La mayoría del turno confiesa que fue Martínez el primero que pronunció la chapa en una fría noche de invierno. “Hombre 10, me copia”. Rojas respondió: “¿Qué…?” “Pérez, contesta, Hombre 10, me copia”, continuó Martínez. Escudero se percató en seguida de la broma y siguió la rueda. “Ya pues Pérez, contesta, Hombre 10, contesta”. Jorge Pérez al escuchar el palabreo sonrió, tal como lo hicieron casi todos en el turno. Asumió que, aunque de todas maneras era una forma burlona de interpretar su dedicación personal, por lo menos era un acierto porque se sabía el más torneado del turno. Las chicas de Sodexho lo piropeaban en el casino cuando iba a colación. Las secretarias de las oficinas administrativas lo atendían mejor que nadie cuando hacía algún trámite dentro de la minera. Sí, Jorge Pérez supuso que el sobrenombre le hacía justicia. Y respondió: “te copio Martínez, qué quieres”.
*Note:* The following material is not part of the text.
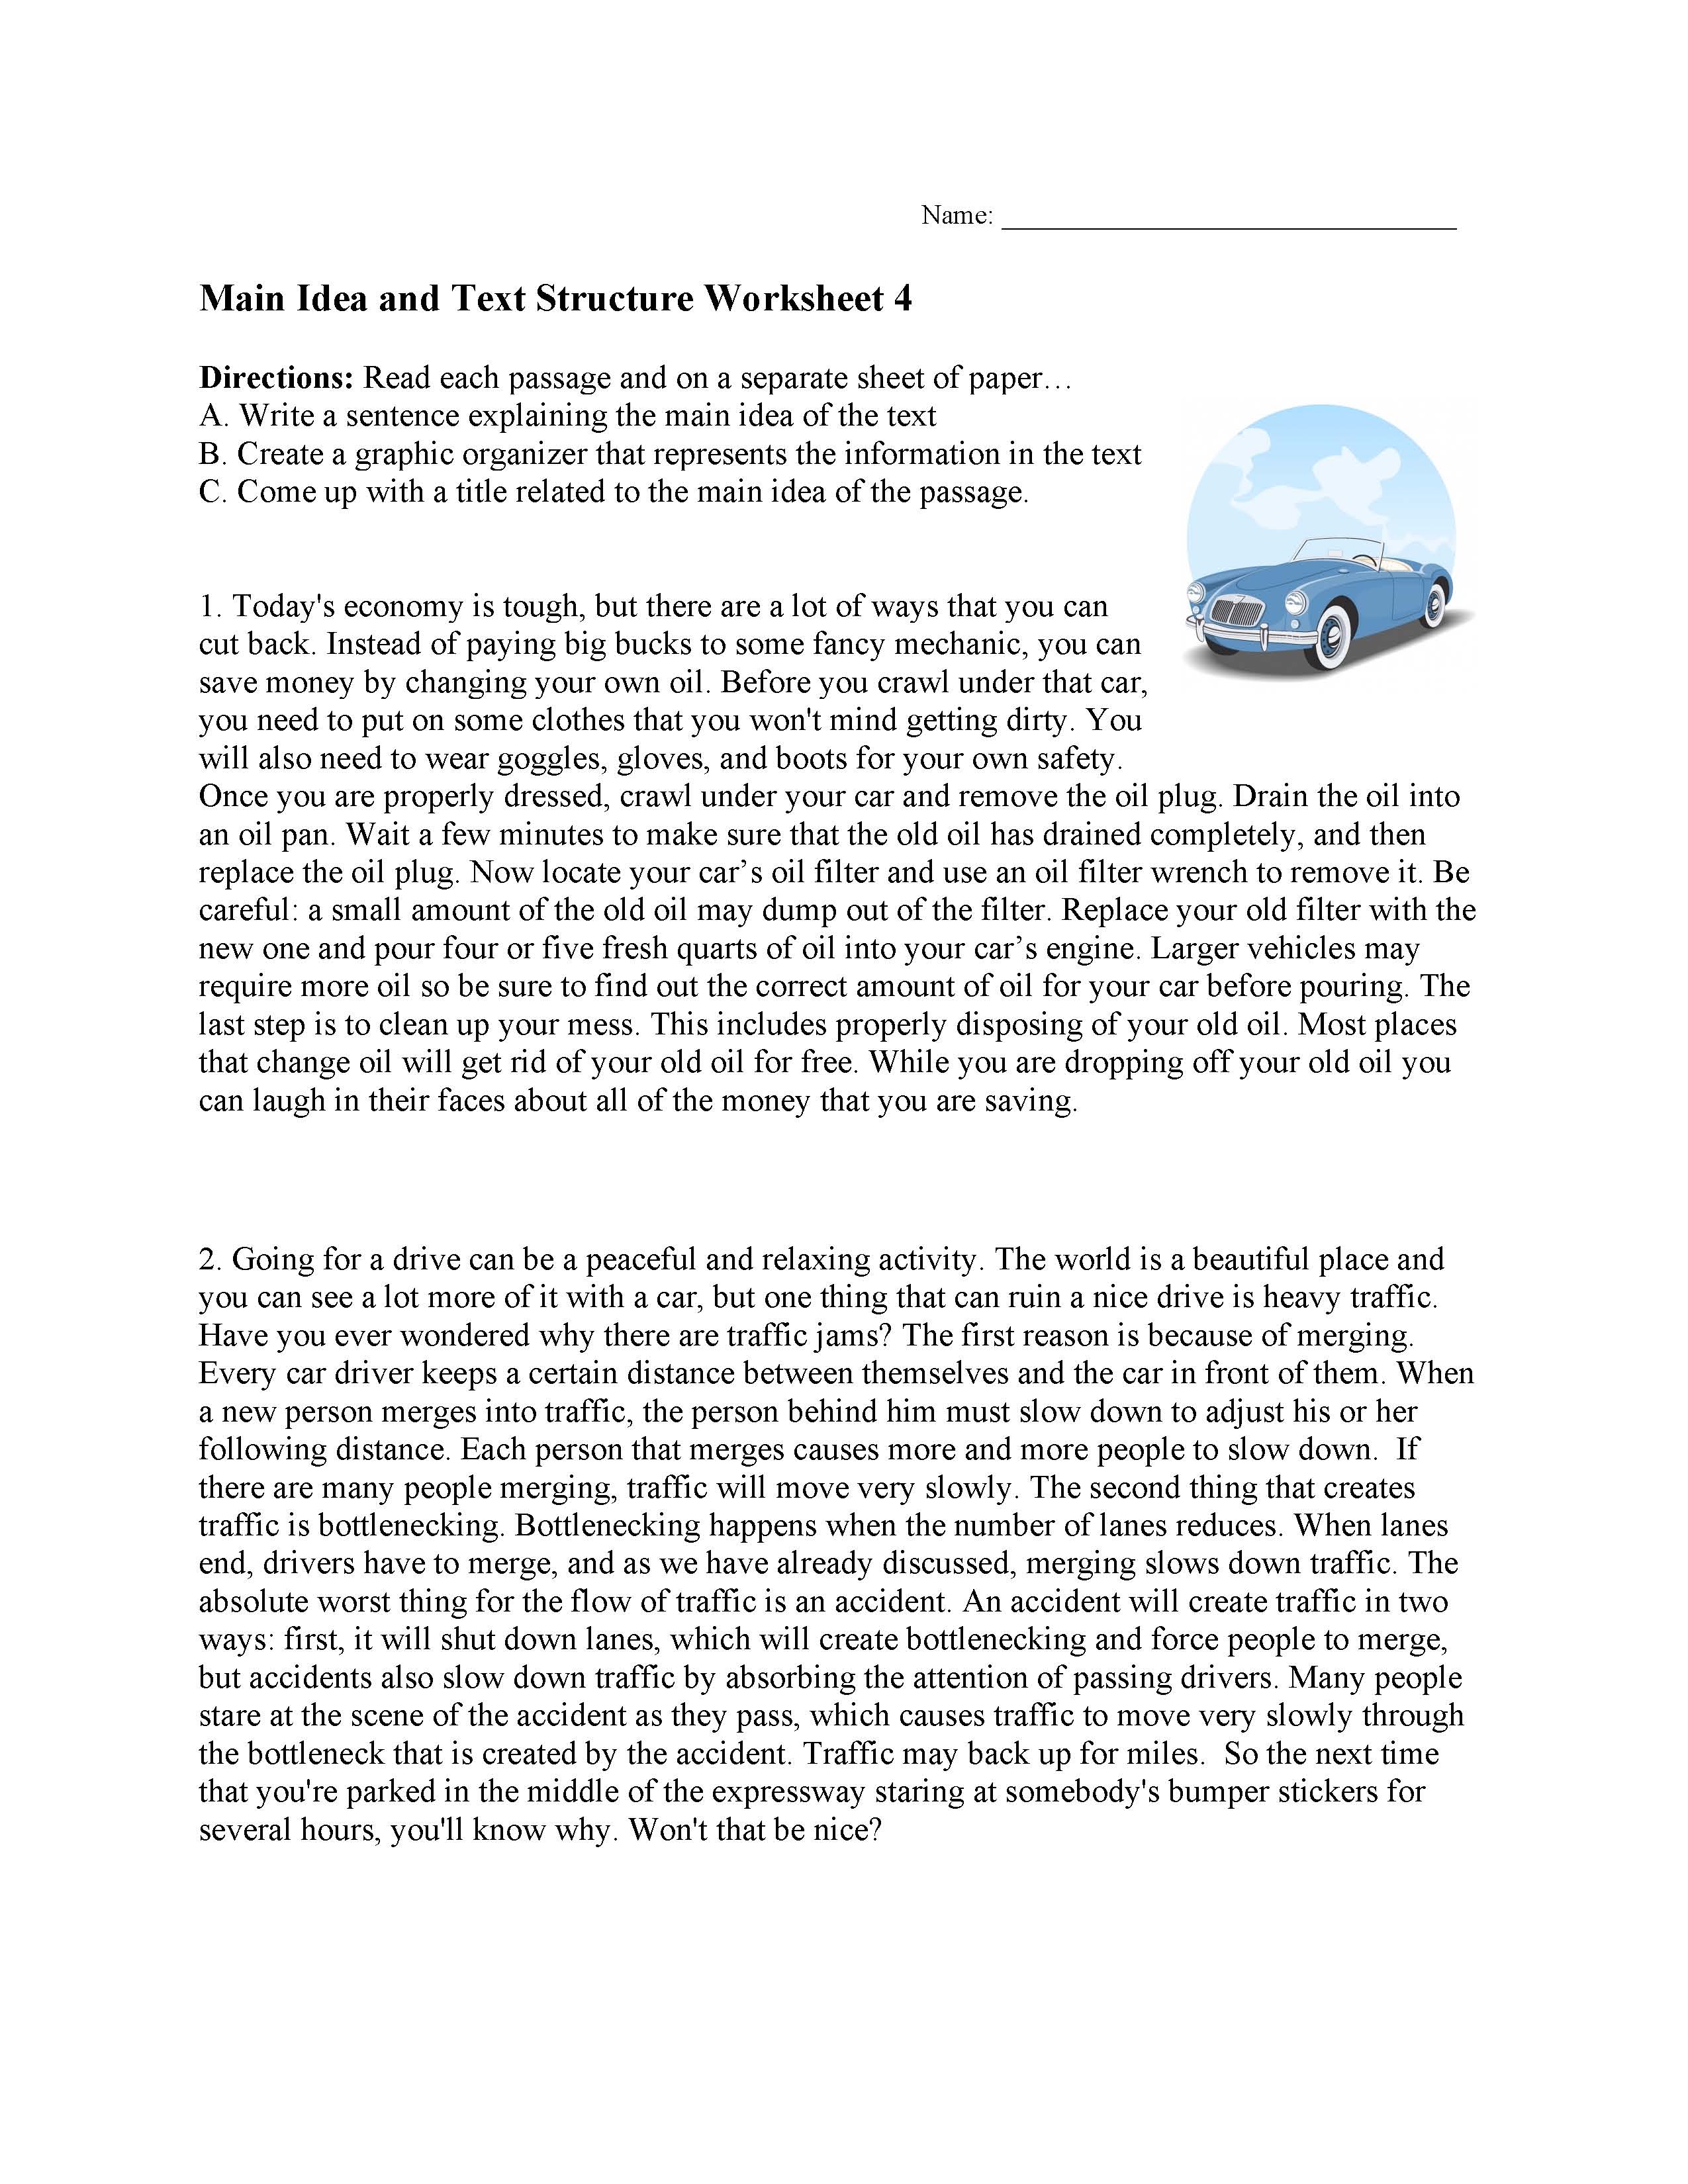 Main Idea and Text Structure Worksheet 11  Preview With Main Idea Worksheet 4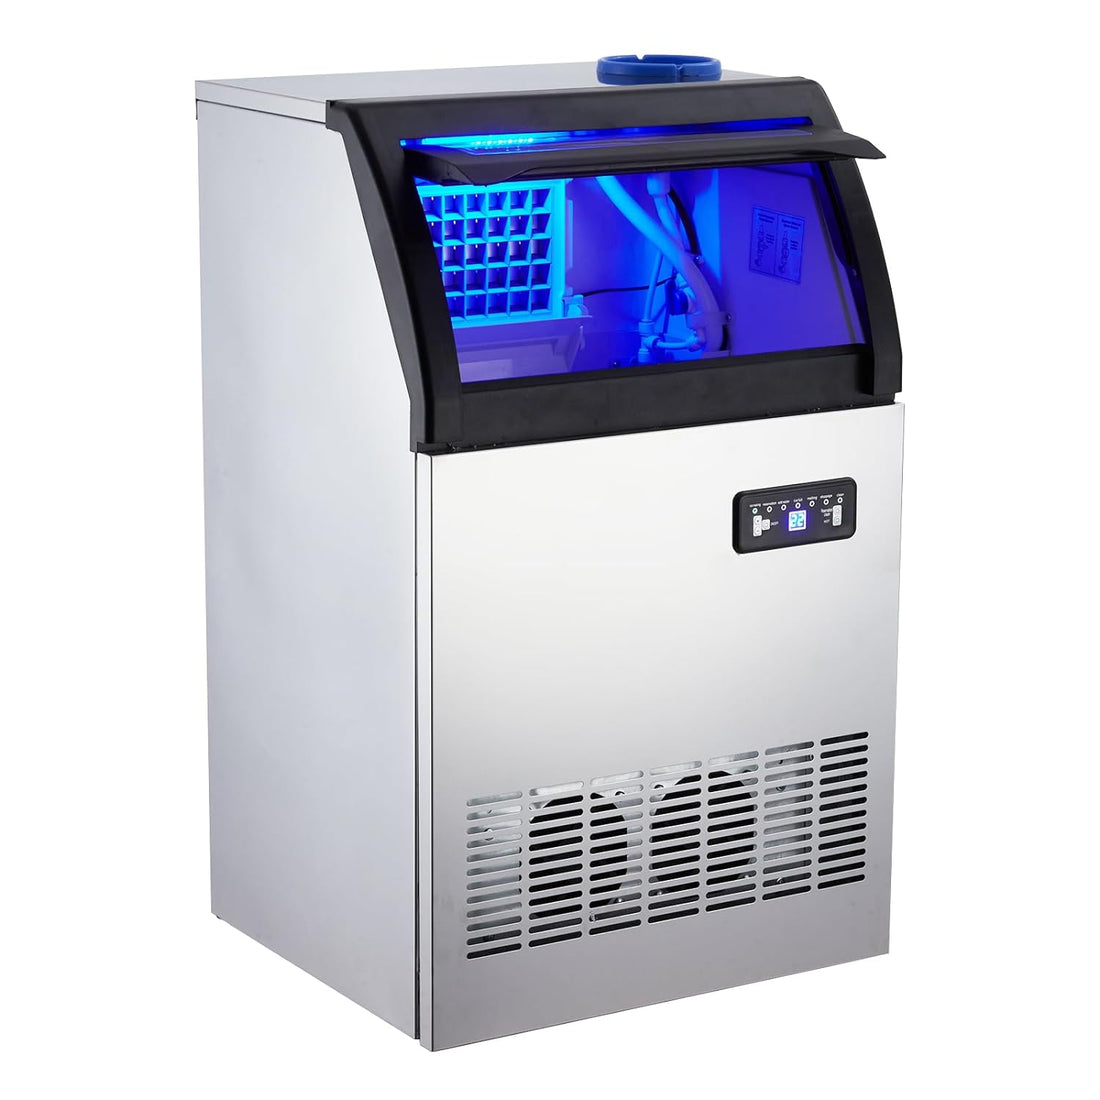 Commercial Ice Maker, 155 Lbs/24H Stainless Steel Undercounter Ice Maker, LED Digital Display Freestanding Ice Machine, 33 Lbs Storage Capacity for Bars/Cafes/Homes/Businesses

Desde ese momento Jorge Pérez pasó a ser sin discusión “El Hombre 10” del turno B. Paseaba feliz de la mano con Gabriela. Se sentaban juntos en el casino, veían las noticias en la sala de estar de vez en cuando o jugaban pool en el pub del campamento. Se besaban amorosamente. “Y cómo va Hombre 10”, le decía uno. “Y que cuenta “Hombre 10”, sugería otro. Gabriela siempre sonreía nerviosamente. Parecía que cada vez que pronunciaban el sobrenombre ella apretaba la mano de su amante. Jorge Pérez concluía que ella estaba orgullosa de él. Y en cierto modo era así. Jorge Pérez se convirtió en su refugio, un refugio amado. Ya no era la hembra alfa que elegía a su presa en los desfiladeros de descarga de los camiones. No era el fantasma que ingresaba a los cuartos que elegía para poseer el alma de un macho moribundo. Se había cansado de salir de las piezas de los hombres del turno o de transar un coito express en algún lugar desierto de la minera. Había encontrado su osito de peluche perdido. La perspectiva de verse sumergida para siempre en esa ensoñación la hacía poner todas sus fuerzas en mantener la mirada de Jorge Pérez en su mirada. Y lo hacía bien. Nada se le escapaba. Cuando Rojas intentaba conversar con ellos, pronunciando “Hombre 10” mientras reía mirándola a ella, Gabriela besaba a Jorge Pérez o lo abrazaba. O cuando Martínez la encontraba en la fila del casino esperando la colación y le decía al oído: “como tenís al Hombre 10, ah”, ella simplemente contestaba: “como a todos ustedes les gustaría estar nomás”. De ese modo directo y preciso Gabriela sorteaba uno a uno los accidentes del pasado. Los daños colaterales de cualquier faena minera. Y a veces, sólo a veces, pasaban por su mente sus recuerdos furtivos: Rojas en el dique de cola, Ramírez de visita en su pieza después de la cena, Fuenzalida, express en el baño, González en el camión, Escudero en su pieza, Castillo en un motel de Calama, Fonseca en el baño del pub, Romero en su pieza, y Velozo en un encuentro en Antofagasta. Nunca hubo duda, Jorge Pérez era el “Hombre 10”. Lo tenía todo. Una mujer que lo amaba, un buen trabajo, y la admiración de sus compañeros de turno.